L’époque des Celtes s’étend sur presque tout le Ier millénaire avant notre ère. Il s’agit d’un ensemble de peuples répartis sur un territoire allant des îles britanniques à l’Est européen. Même s’ils avaient atteint un haut degré de civilisation, tant sur les plans technologique, économique que social, ils n’avaient pas d’écriture. On connaît donc mal la plupart de leurs coutumes. Ils maîtrisaient bien la sidérurgie. C’est pourquoi on parle à leur propos d’âge du fer.
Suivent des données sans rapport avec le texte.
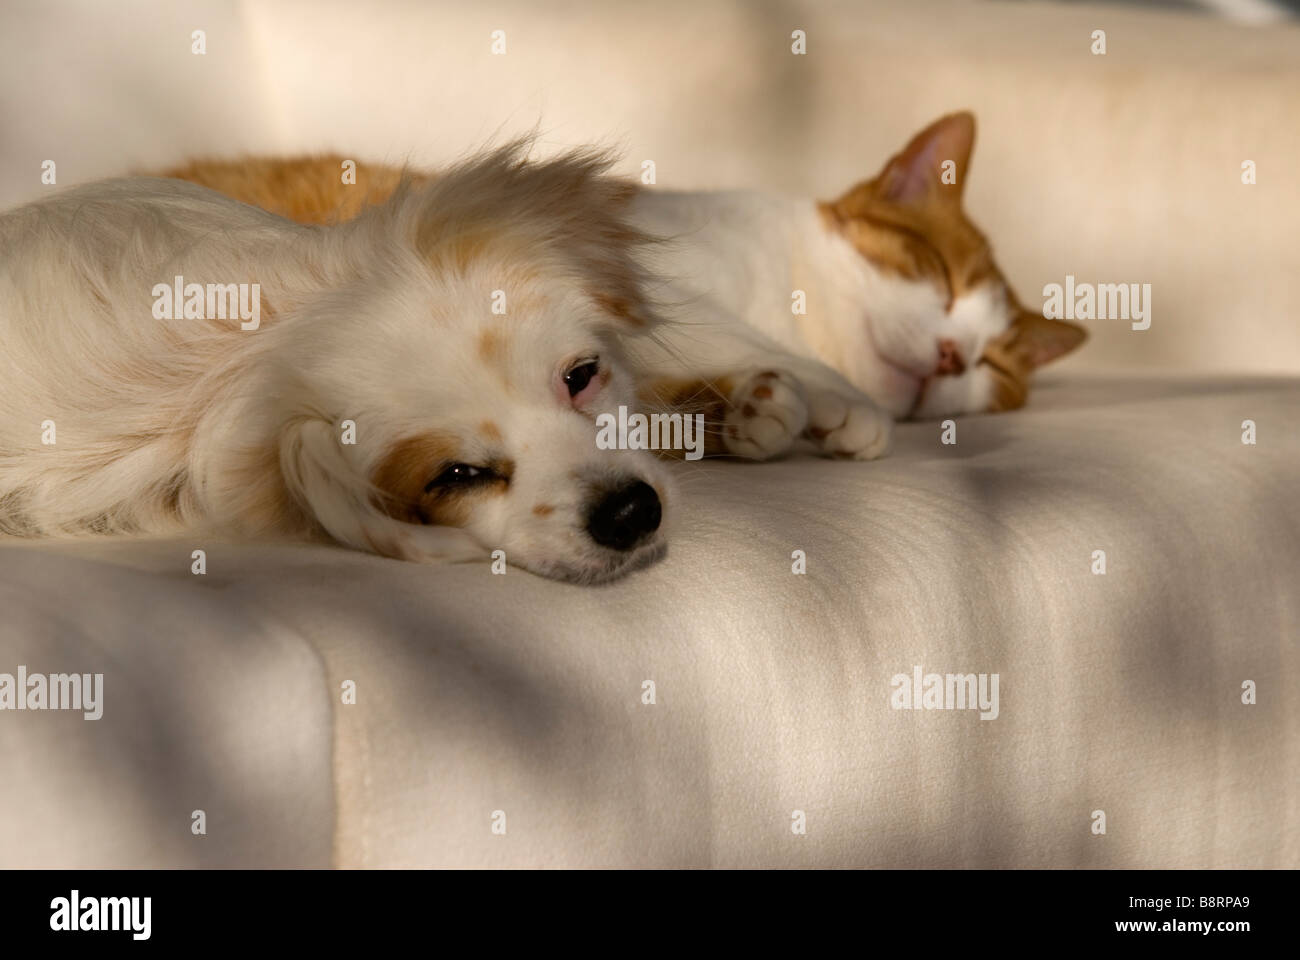 Small white dog and cat resting on sofa Stock Photo

Celui-ci connut deux phases, qui ont pris le nom de deux sites majeurs: l’époque de Hallstatt (vers 700/500), et celle de La Tène (de 500 à la conquête romaine au Ier siècle av. J.-C.) C’est La Tène, sur les bords du lac de Neuchâtel, qui a donné son nom au Laténium. Il faut savoir que de nombreuses découvertes archéologiques ont pu être faites grâce aux corrections des eaux du Jura (1869-1891), qui ont abaissé le niveau des lacs de Neuchâtel et de Bienne. On appelle aussi cet âge du fer Protohistoire, période intermédiaire entre la Préhistoire et l’Histoire, liée à l’écriture.
Que nous montre l’exposition «Celtes – Un millénaire d’images» du Laténium, parc et musée d’archéologie situé à Hauterive, à quelques kilomètres de Neuchâtel en direction de Bienne? Il s’agit surtout de pièces de petite taille, réalisées en bronze ou en céramique, par- fois en or. Les Celtes ne cherchaient pas à réaliser des «œuvres d’art» au sens moderne du terme.
Leurs créations «artistiques» étaient liées à des aspects religieux, rituels, magiques ou sociaux, dont malheureusement nous ne possédons pas les clefs. Cela dit, elles sont d’une grande beauté esthétique. Au contraire de l’art gréco-romain, beaucoup plus réaliste, les Celtes aimaient le fantastique, le merveilleux, ils laissaient une large place à leur imagination. Leur figuration est souvent animale: cerfs, sangliers, têtes de taureaux. La figure humaine apparaît aussi: ainsi cette pièce en argent entourée de têtes, qui représentent peut-être les têtes coupées des ennemis, que l’on suspendait en guise de trophées.
On verra aussi de magnifiques torques en or: ce sont de grands anneaux sou- vent retrouvés dans des dépôts rituels. Les Celtes n’étaient pas isolés du reste du monde. Ils entretenaient d’importantes relations commerciales avec d’autres peuples. Leur art s’est donc aussi inspiré de motifs orientaux ou romains. En résumé, c’est à une belle découverte que nous convie cette exposition temporaire.
On en profitera pour faire le tour de la collection permanente, qui nous mène jusqu’au Moyen Âge. Il ne faut pas manquer de se balader ensuite dans le parc du Laténium, sur les bords du lac de Neuchâtel. On y verra notamment les reconstitutions de maisons, dont un petit village datant d’il y a 6000 ans. La dendrochronologie nous apprend que les arbres nécessaires à leur construction ont été coupés entre 3810 et 3790 avant notre ère. Une autre maison se réfère au mythe national des soi-disant «lacustres», qui en fait construisaient leurs maisons sur les berges et non dans l’eau. Bâties sur pilotis, celles-ci devaient résister aux crues du lac.
Un des rares dolmens de Suisse (c’est-à-dire une sépulture de l’époque néolithique) a été découvert en 1876 entre Auvernier et Colombier et déplacé dans le parc du Laténium. Celui-ci abrite aussi un menhir de 4,5 tonnes de granit érigé il y a plus de 6000 ans. Mais à quoi servait-il? Concernait-il un homme ou un dieu? Le mystère demeure, et c’est aussi cette part de mystère qui nous fascine dans la civilisation celtique. Après la conquête romaine par Jules César, il y eut un phénomène d’acculturation: les Celtes adoptèrent la langue latine (c’est pourquoi nous parlons le français), l’habitat, le système social et les mœurs du conquérant. Ils conservèrent cependant un certain nombre d’aspects de leur monde disparu, qui se fondirent avec ceux des Romains: ce qu’on appelle la civilisation gallo- romaine. L’exposition permet donc de découvrir un monde méconnu et resté en partie énigmatique.
«Celtes. Un millénaire d’images», Hauterive (NE), jusqu’au 10 janvier 2021.